Credit by Livestrong | Cashew Nut
Turning Cashew Nut Shells into "Liquid Gold"

Turning Cashew Nut Shells into "Liquid Gold"

A group of scientists in Vietnam recently conducted research to use carnadol, a natural phenol obtained from cashew nut shell oil, to prevent metallic materials from corrosion. The recent discovery makes cashew nut shells, long regarded as waste by many people, as the new ‘liquid gold’ from Vietnam, creating market worth hundreds of millions dollars a year.

Vietnam has exported cashew nut shell oil since 1999. Today, Vietnamese enterprises export 600,000 tons of the oil to China, South Korea, Indonesia and Spain with export value worth $7 million a year with the profitability rate of 20%, as quoted by The Voice of Vietnam.

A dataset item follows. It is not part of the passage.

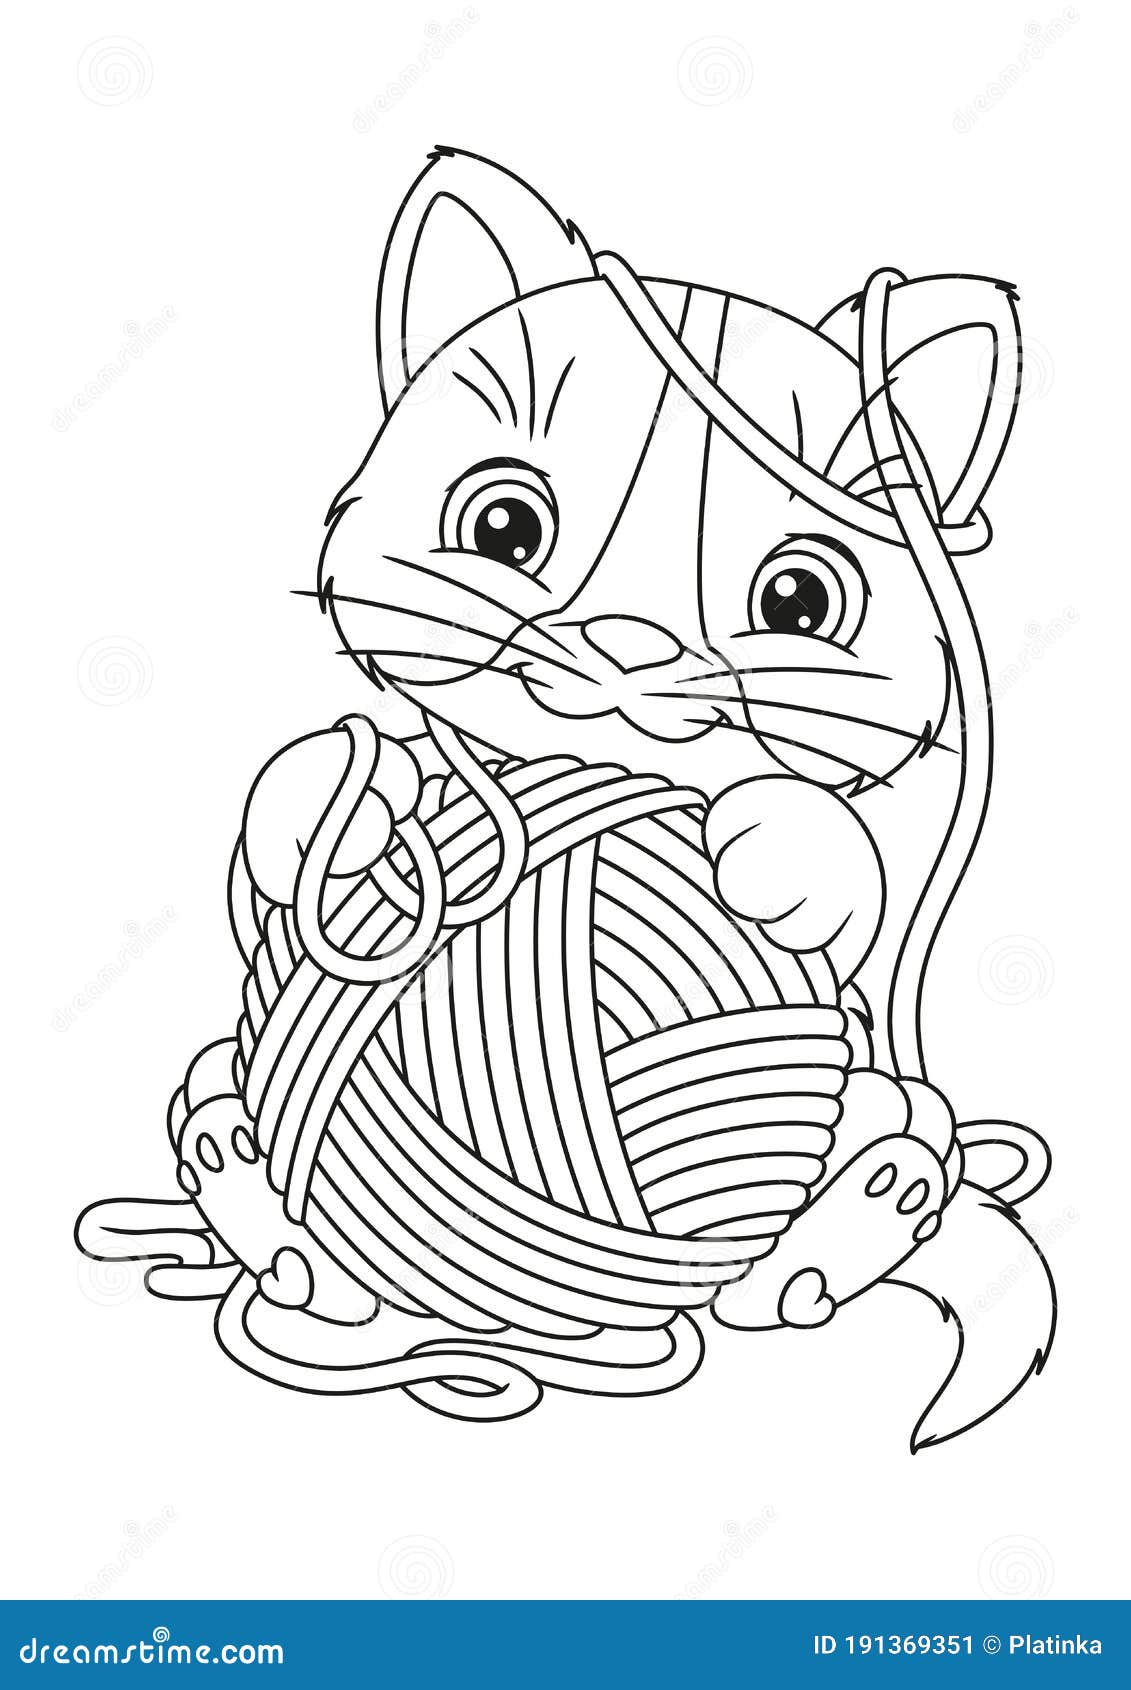 Download Kitten Yarn Ball Coloring Page Stock Illustrations 31 Kitten Yarn Ball Coloring Page Stock Illustrations Vectors Clipart Dreamstime

In the past, China was the biggest consumer, but it has been replaced by South Korea. Do Nguyen Kien, director of F.T.E Technology Development, believes that Vietnam’s cashew nut shell oil from Vietnam can even meet standards for the US market.

Image: Vietnam Net Bridge
Image: Vietnam Net Bridge

Vietnam has great advantages to become a world’s cashew nut shell oil production base. "Though cashew nut shells are a by-product, it is the major source of income of the company," said Kien to Vietnam Net Bridge.

The cashew nut shell oil is widely used in industries as material to make adhesives, anti-corrosive metal, insulating materials, electronic products boards, forest product preservatives, and structural wood treatment liquid. It can also be used in the electrical and electronic industries.

Today, with proper treatment, Vietnam could earn bigger money if they developed more valuable products from cashew nut shell oil, such as Carnadol, making Carnadol the next promising export commodity from Vietnam.

Cashew Nut. Image: Vietnam Net Bridge
Cashew Nut. Image: Vietnam Net Bridge

In countries with hot weather and high humidity, the demand for substances which can protect construction works, machines and equipment from corrosion is especially high. Carnadol is a good solution.

The scientists  from the Youth Scientific and Technological Promotion Center (TST) headed by Pham Quoc Nghiep used the cardanol extraction method from cashew nut shell with supercritical CO2 technology. The carnadol content obtained was 23% with a purity of 68.6%. The product can protect metal at a high rate of 84%.

It is estimated that one ton of dried cashew can produce 700-750 kilos of shells from which 154 kilos of cashew nut shell oil is created.